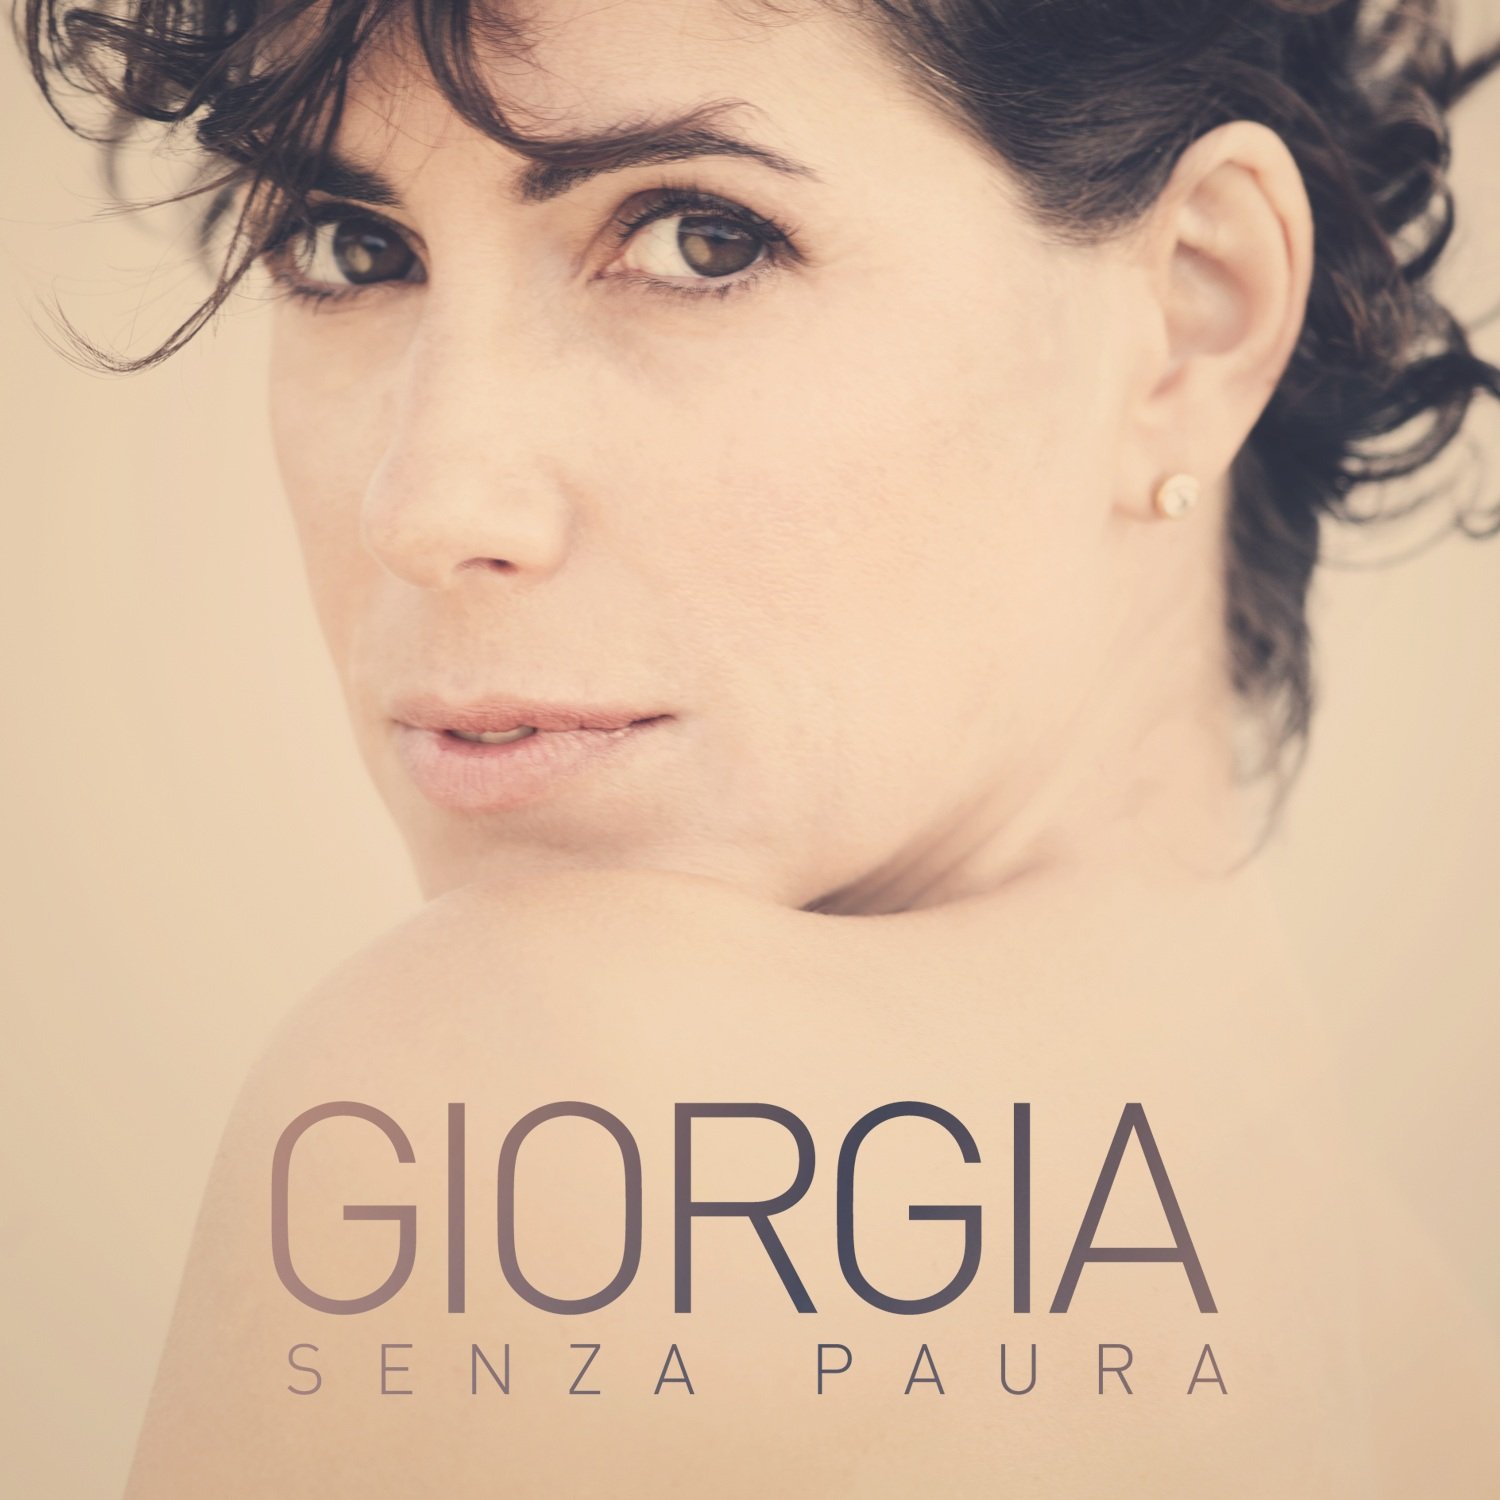 Giorgia Senza paura cover artwork
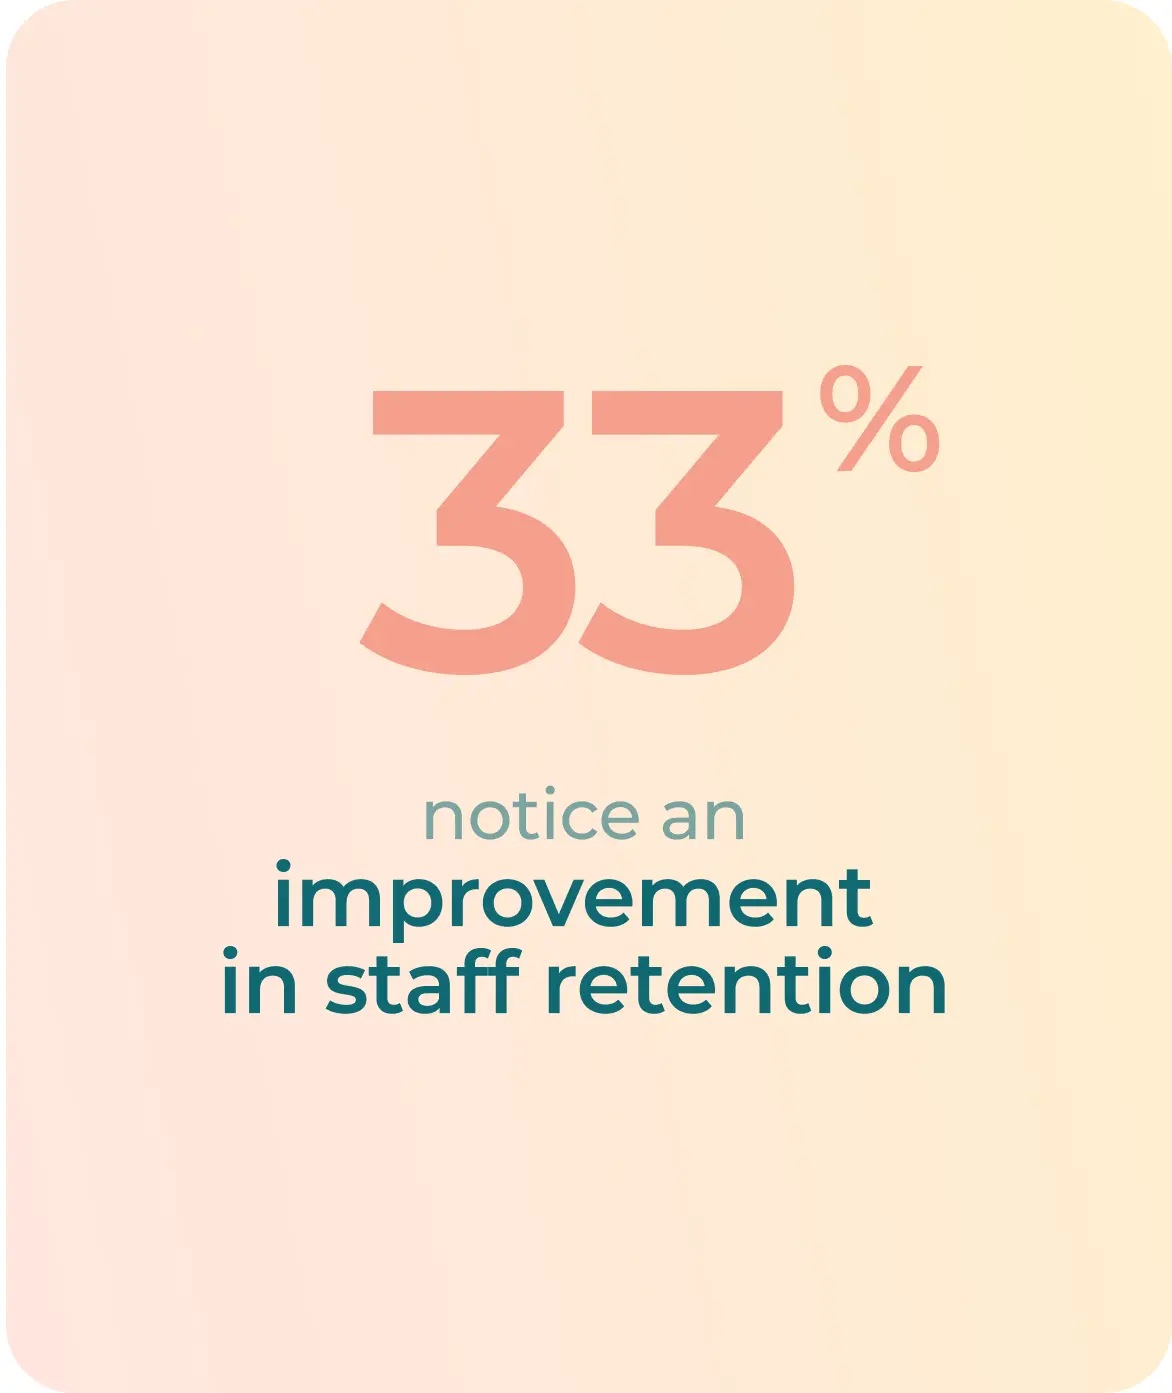 33% notice an improvement in staff retention
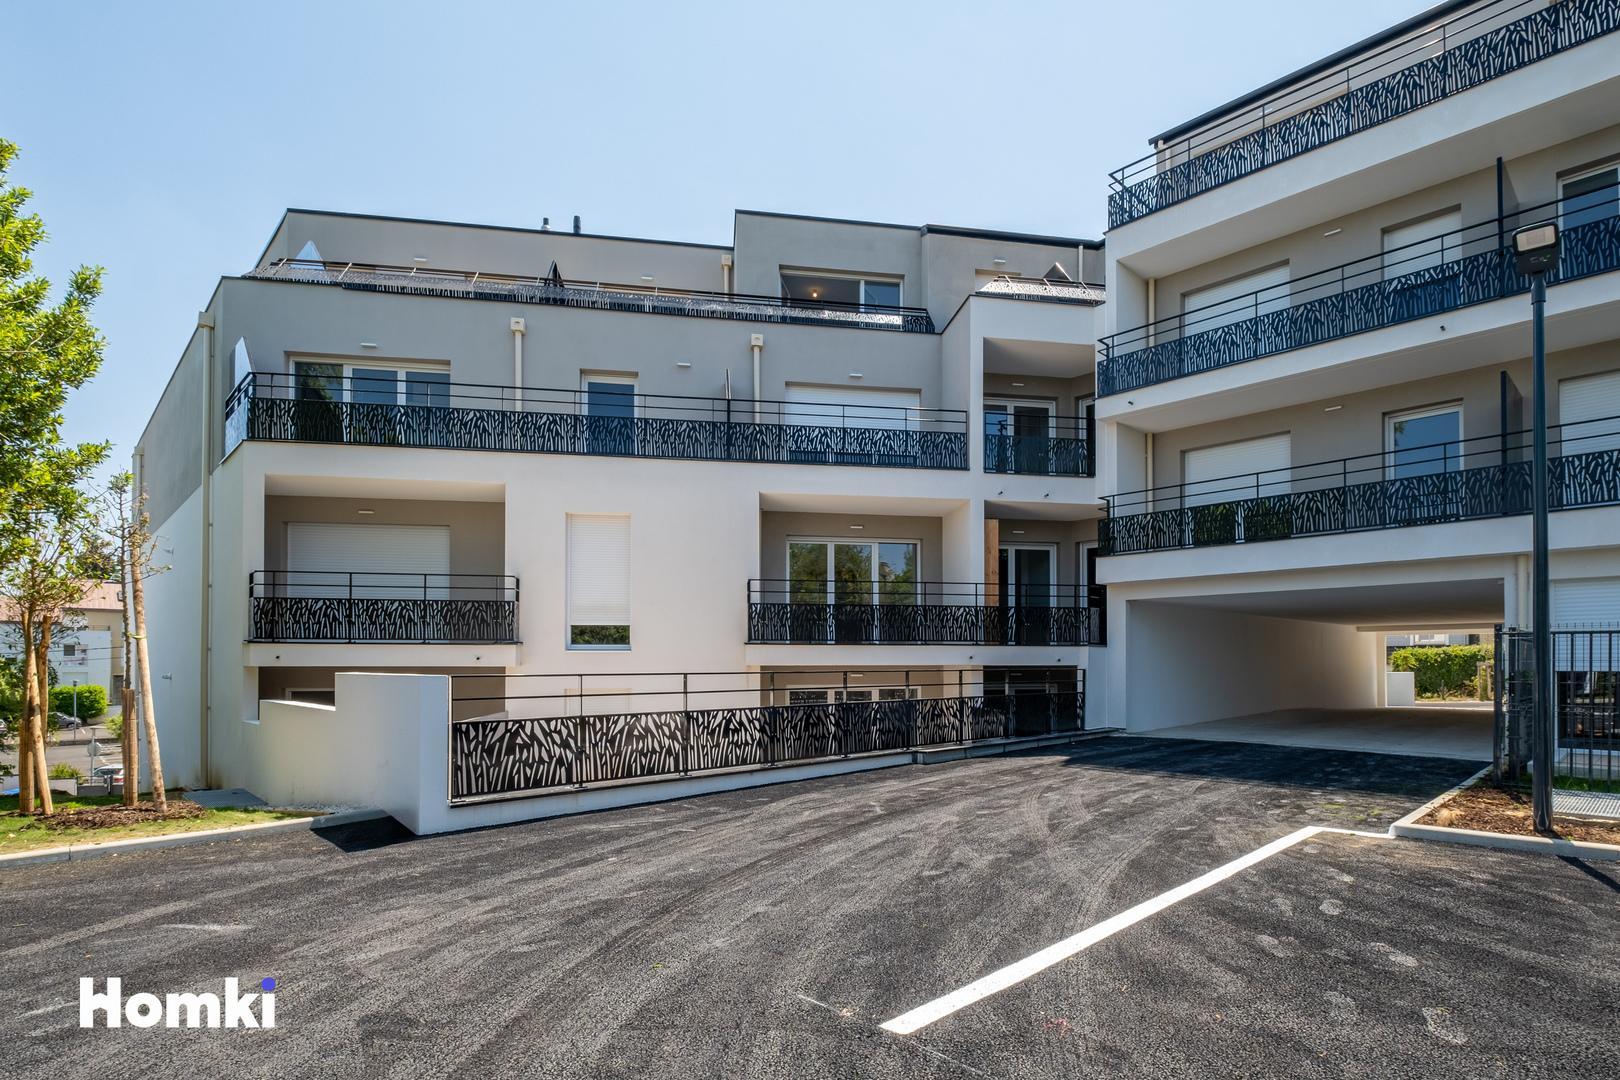 Homki - Vente Appartement  de 30.0 m² à Orvault 44700

### What is being asked
I would like the lines from the one with "33% notice an improvement in staff retention" through the last line of the data above retyped exactly, with pictures left out, please.

### Response to this exercise
 33% notice an improvement in staff retention
 Homki - Vente Appartement  de 30.0 m² à Orvault 44700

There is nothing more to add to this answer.